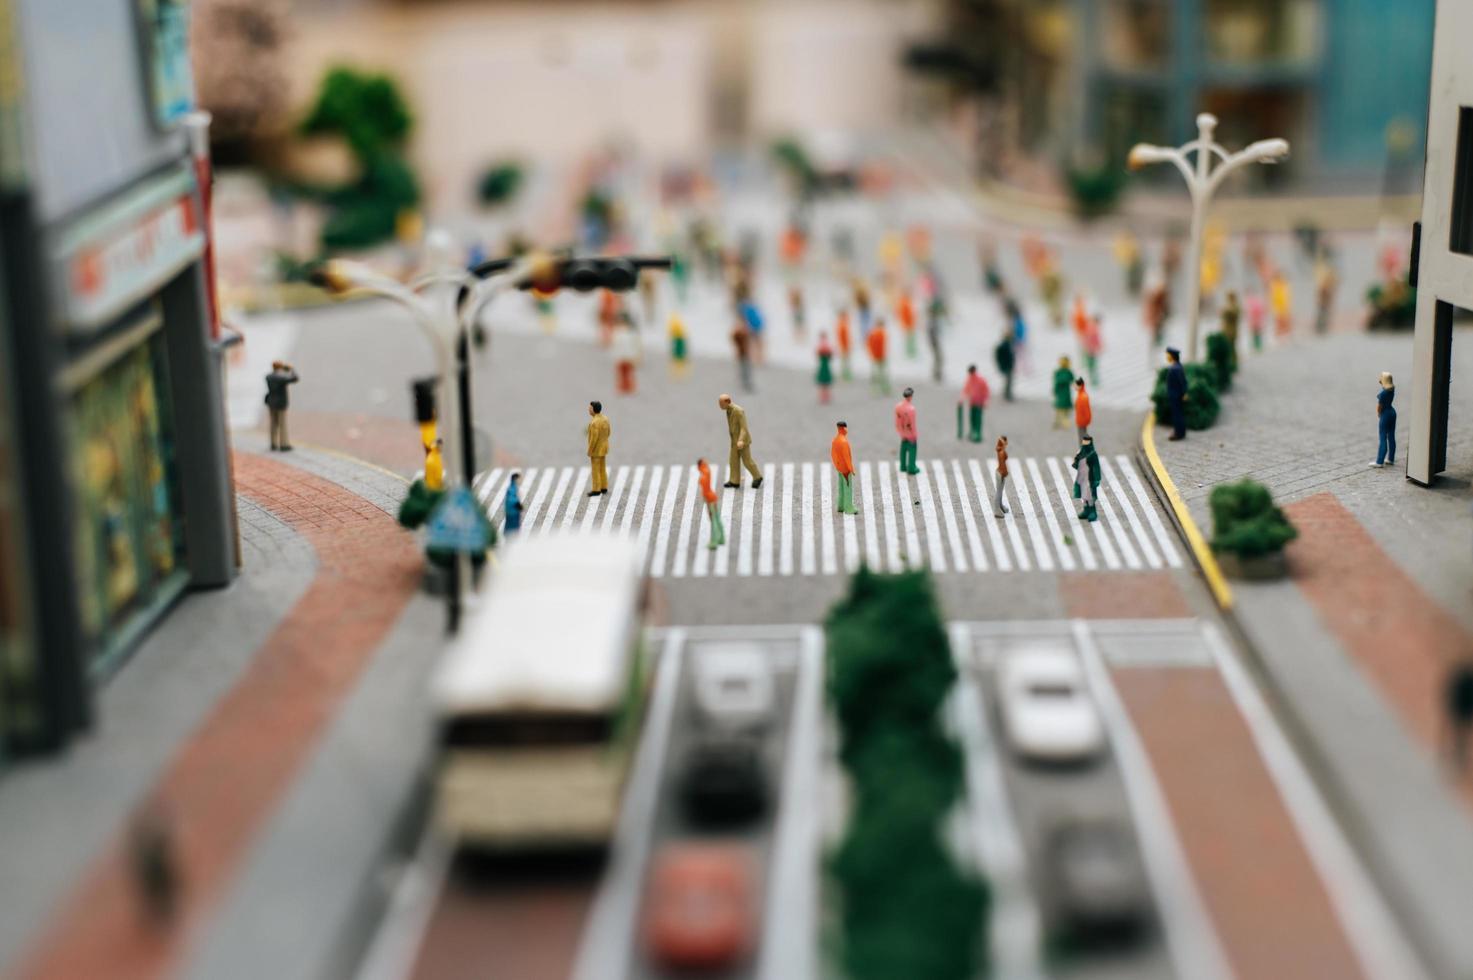 kleine Leute gehen auf vielen Straßen foto
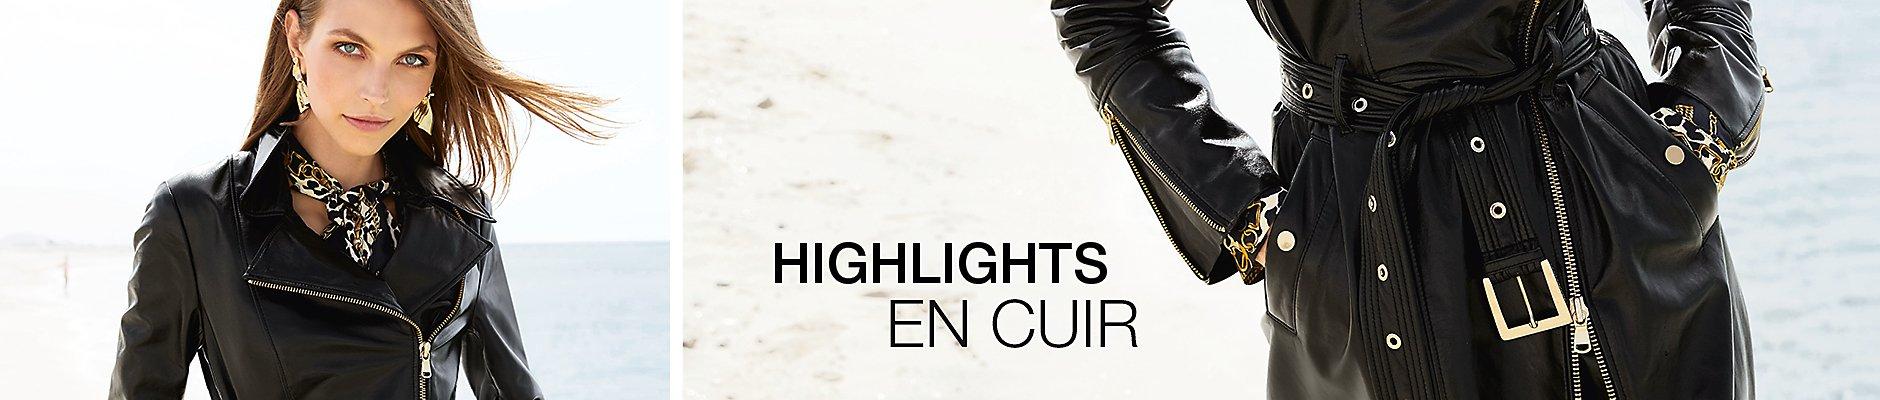 Highlights en cuir
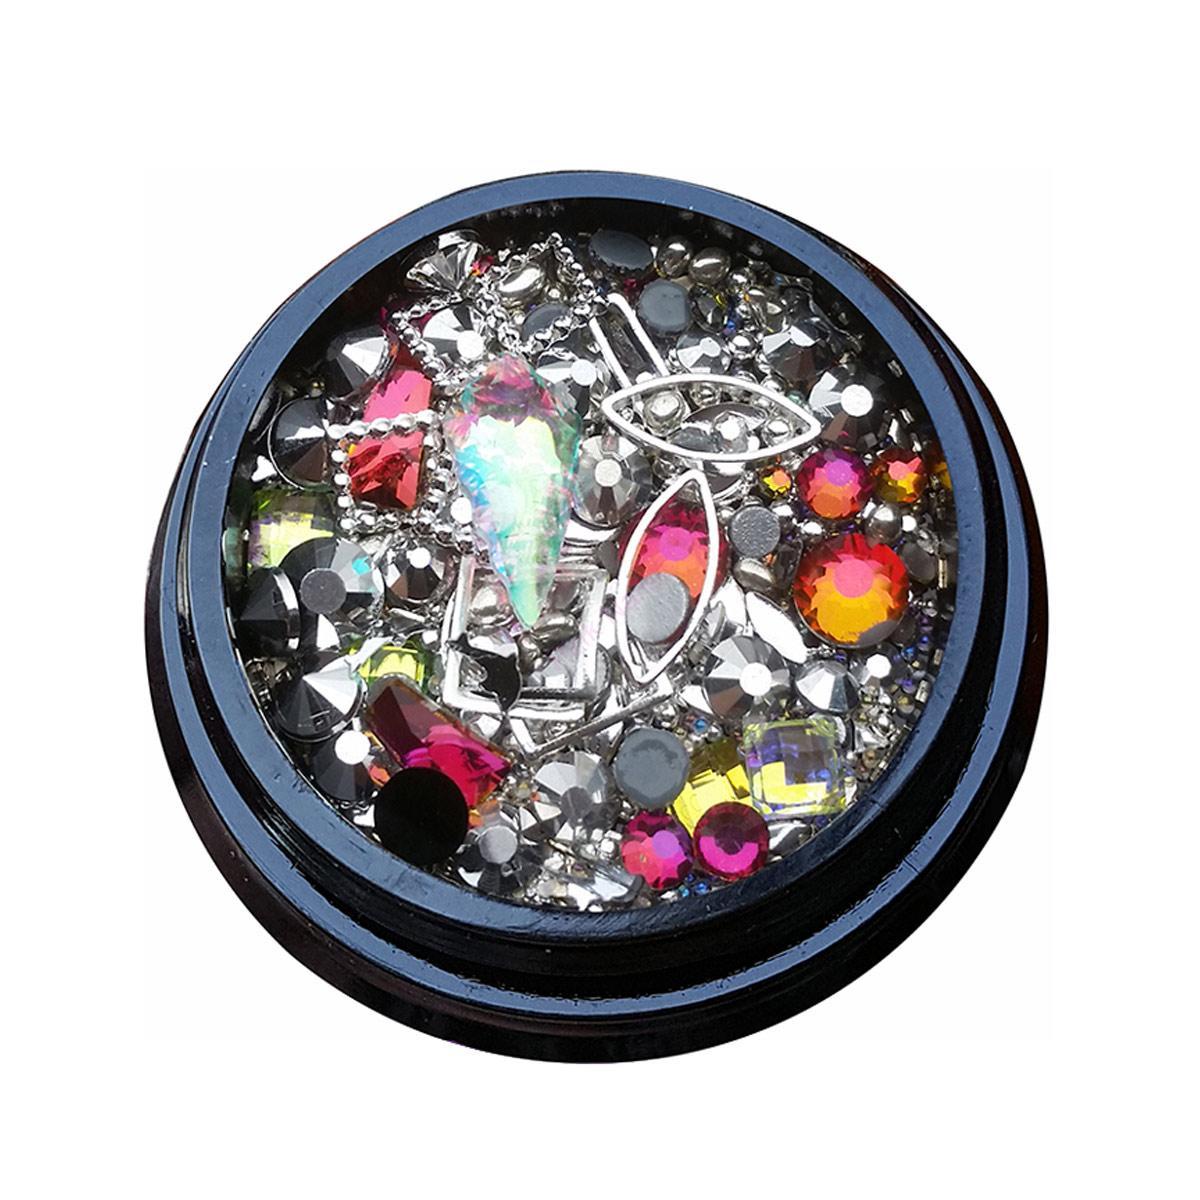 Ozdoby Na Nehty Nehtova Bizuterie Luxury Jewelry 16 Produkty Pro Nehtovy Design
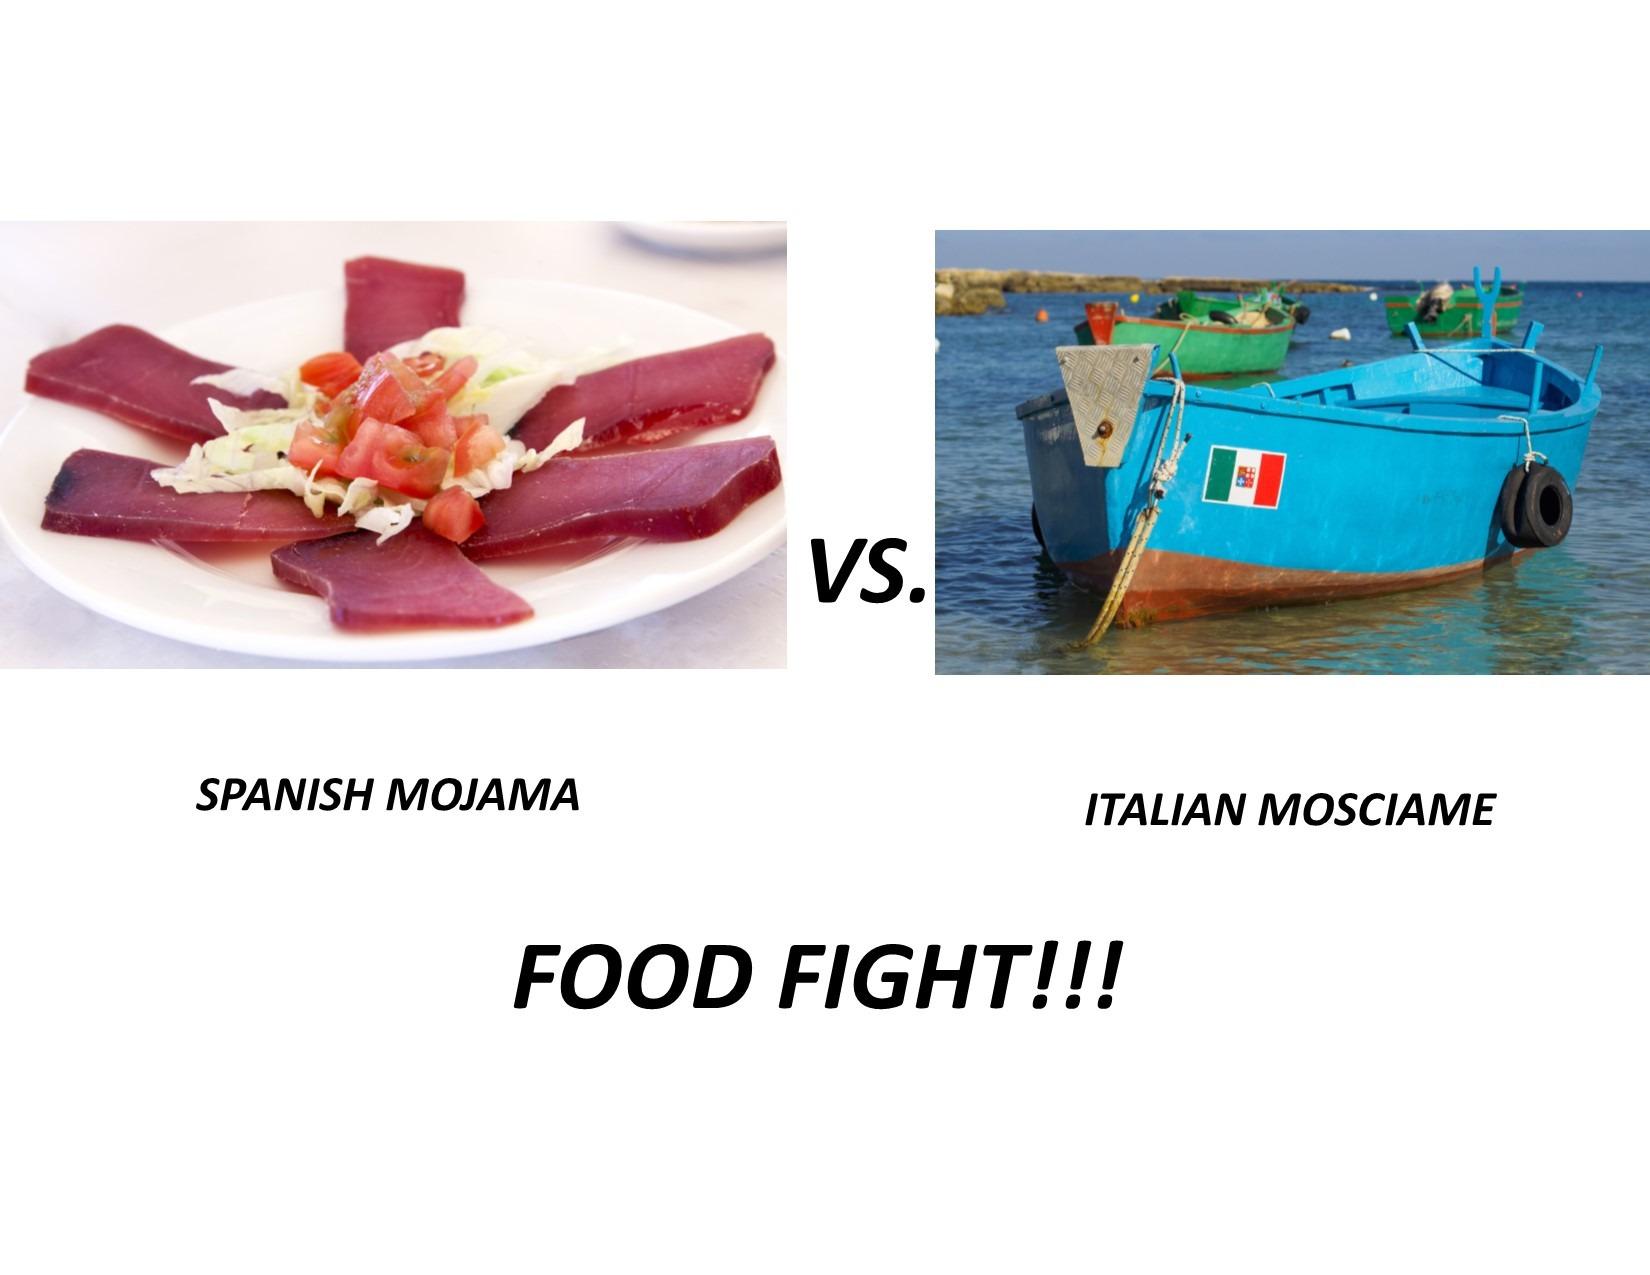 Mojama vs Mosciame
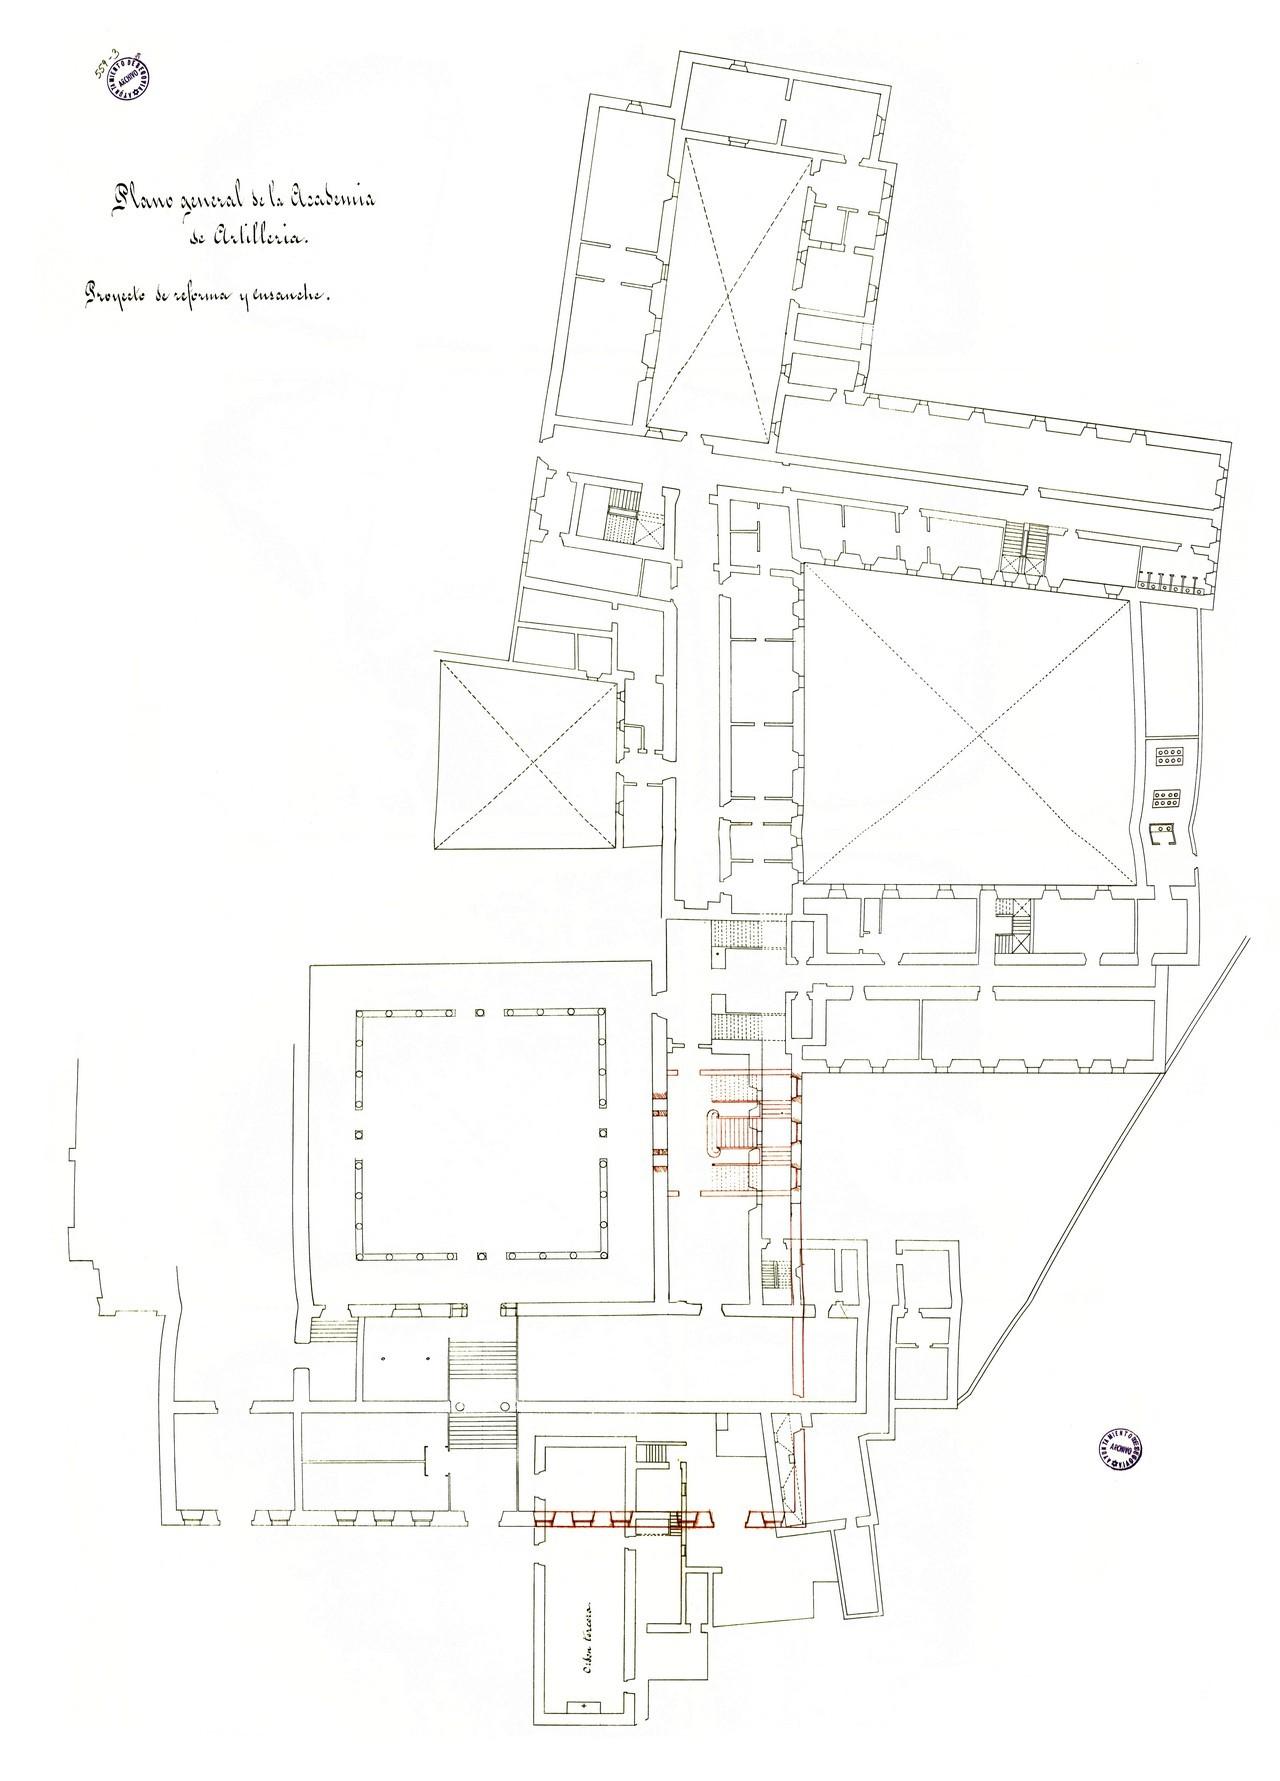 Academia de Artillería, plano de la planta baja. Proyecto de demolición de la capilla de la Orden Tercera, 1880. 25.- Archivo Municipal de Segovia Signatura 559-3.

::::::::::

**DESCRIPTION OF THE TASK:**
The lines to repeat run from the line containing "Mojama vs Mosciame" through the end of the listing above, both included; give them exactly and without pictures.

**SOLUTION TO THIS TASK:**
 Mojama vs Mosciame
 Academia de Artillería, plano de la planta baja. Proyecto de demolición de la capilla de la Orden Tercera, 1880. 25.- Archivo Municipal de Segovia Signatura 559-3.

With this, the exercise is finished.